Yung Ho Chang writes about the Vertical and Horizontal Glass Houses by Atelier FCJZ on Shanghai's riverfront: every New Year's Day, around eleven in the morning, the shadow of one falls in perfect alignment with the shape of the other. Like a body and its shadow: inseparable. Nguyễn Hà presents the Đao Mẫu Museum and Temple by Arb Architects in Hanoi, built with five million reclaimed terracotta tiles sourced within a thirty-one-kilometer radius, a skin that tells time, bones anchored to the longan trees already growing in the garden, flesh made of Hầu Đồng ritual. Anicka Yi brings her Radiolaria series, luminous sculptures animated by fiber optics and motors, inspired by ancient marine zooplankton whose silica skeletons write deep time into the geology of the Earth, as her answer to what it means to be a porous body, made of minerals, code, energy and air.

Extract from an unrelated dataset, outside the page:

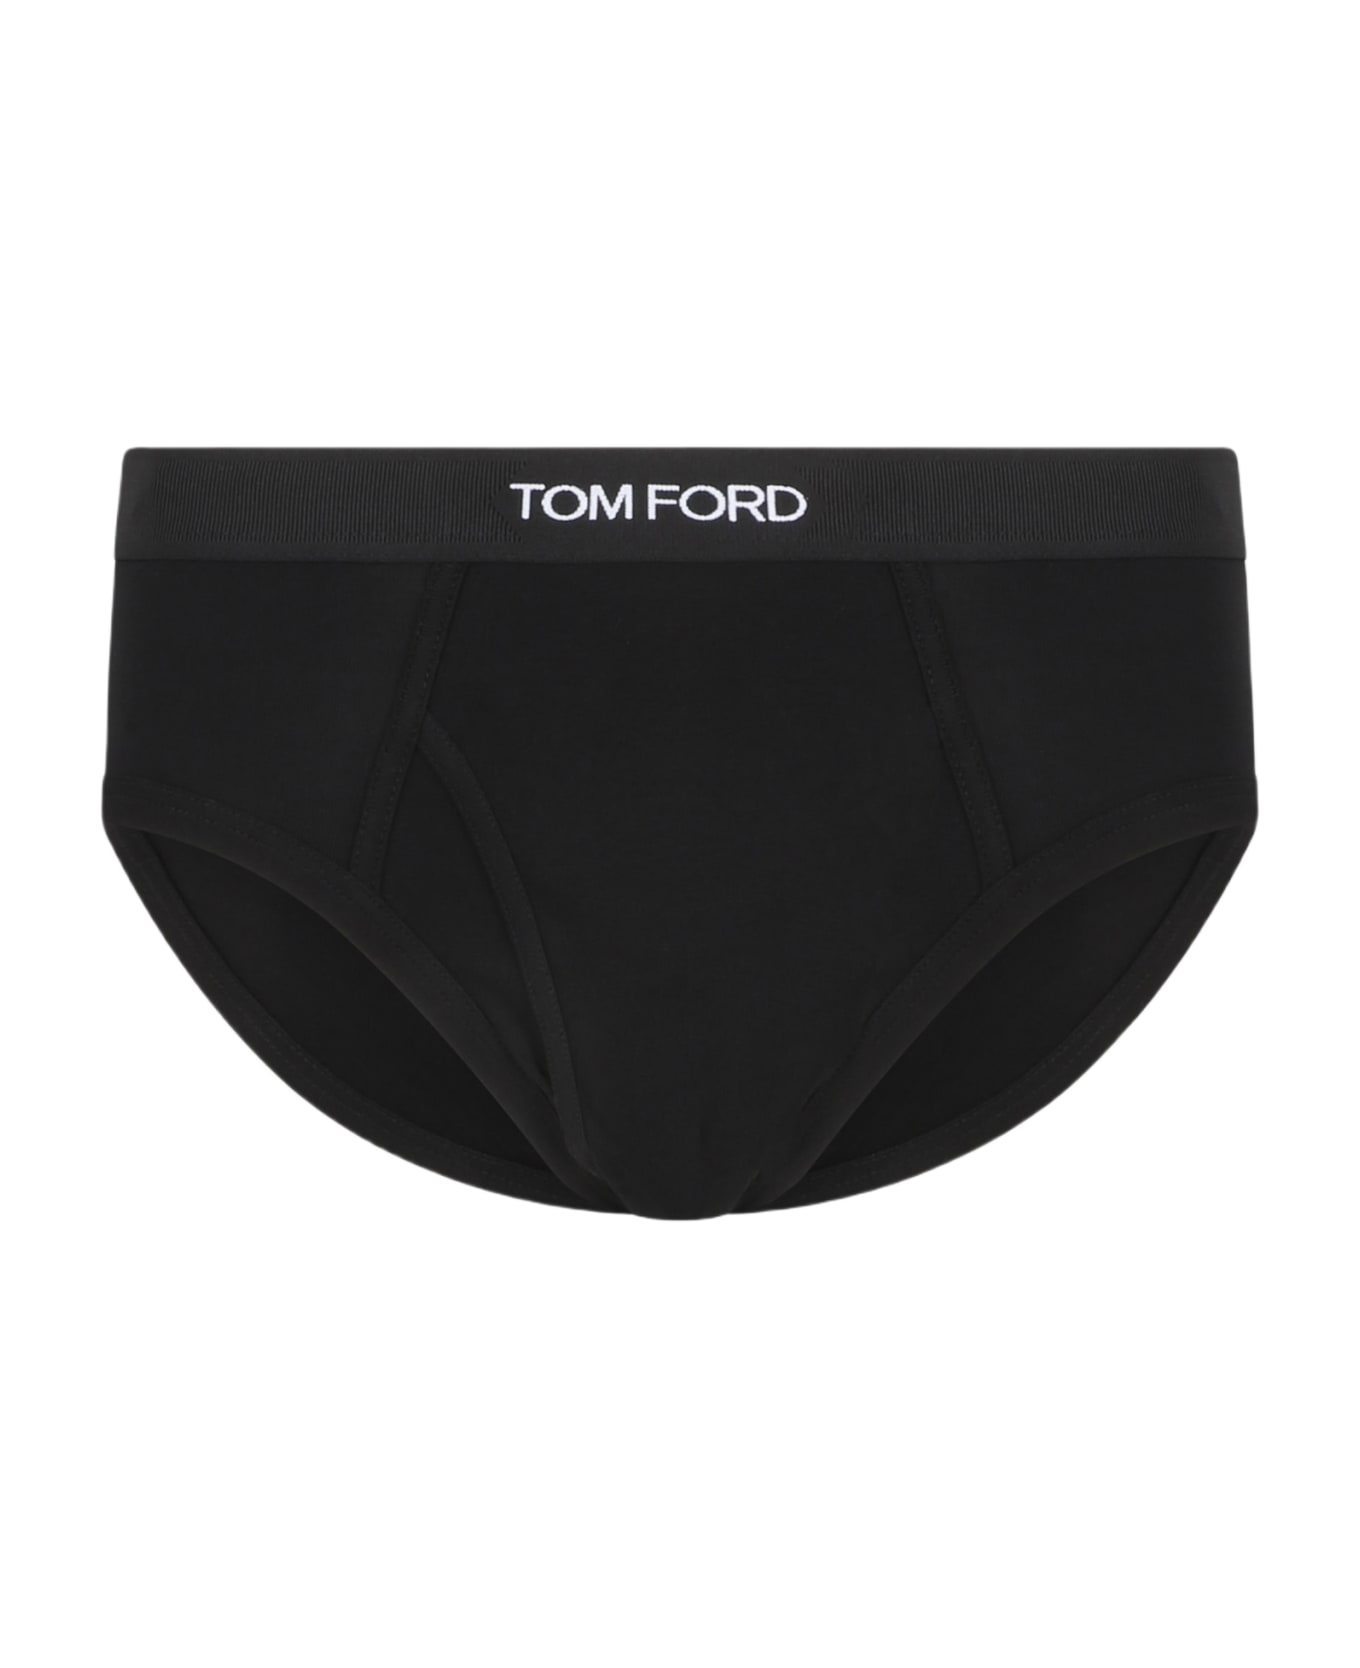 Tom Ford Intimo - Black ショーツ

The Diario is where Domus holds its conversations: from a 2001 archive piece on the Domus Design Factory in the deconsecrated church of San Paolo Converso, fitted out by John Pawson, to Paul Smith's meditation on mosaic, from the Nando's down the road to the twelfth-century Cappella Palatina in Palermo, as a form of time: durable, adaptable, irreproducible by artificial intelligence. Valentina Petrucci interviews Andrea Crisanti, who speaks about art with the same analytical intensity he brings to science. Francesco Franchi reflects on the menu as a small typographic architecture, and on its gradual replacement by the QR code. Loredana Mascheroni visits Barbara Radice in the Milanese apartment she shared with Ettore Sottsass for thirty years. Walter Mariotti writes about Valentina De Santis and the Lake Como triptych as an act of meaning-making rather than a hospitality experience, not a standardizable service, but the act of opening one's own front door.
Architecture is the organization of the relationships through which life metabolizes life.
The Contrordine section carries this architecture of thought out into the world: thirty-nine kilometers, the width of the Strait of Hormuz at its narrowest point, through which roughly twenty percent of the world's daily oil supply passes. AI models are maps, not territory. There is a dangerous logical leap between simplifying complexity and eliminating it. The bottleneck is a feature of the world, not a malfunction. And intelligence, artificial or human, becomes wisdom when it learns to inhabit the shapes of reality, even the most uncomfortable ones.
The dossier on the retrofitting of EY's Milan headquarters makes the case for the contemporary urban condition. The Piuarch project, spanning via Meravigli and piazza Cordusio, reinterprets this logic of a hidden Milan at the scale of a modern headquarters. EY in Milan is a professional community of several thousand people , carbon chains, as EY Italy CEO Stefania Boschetti calls them, that has built, over time, a deep relationship with the university system, with institutions, with the world of corporate culture. Milan enters EY. EY enters Milan.
Leaf through these pages as you would move through a space you never quite finish inhabiting: with the awareness that each time you pause, something shifts, in the light, in the sound, in the temperature. In understanding. And so, good reading.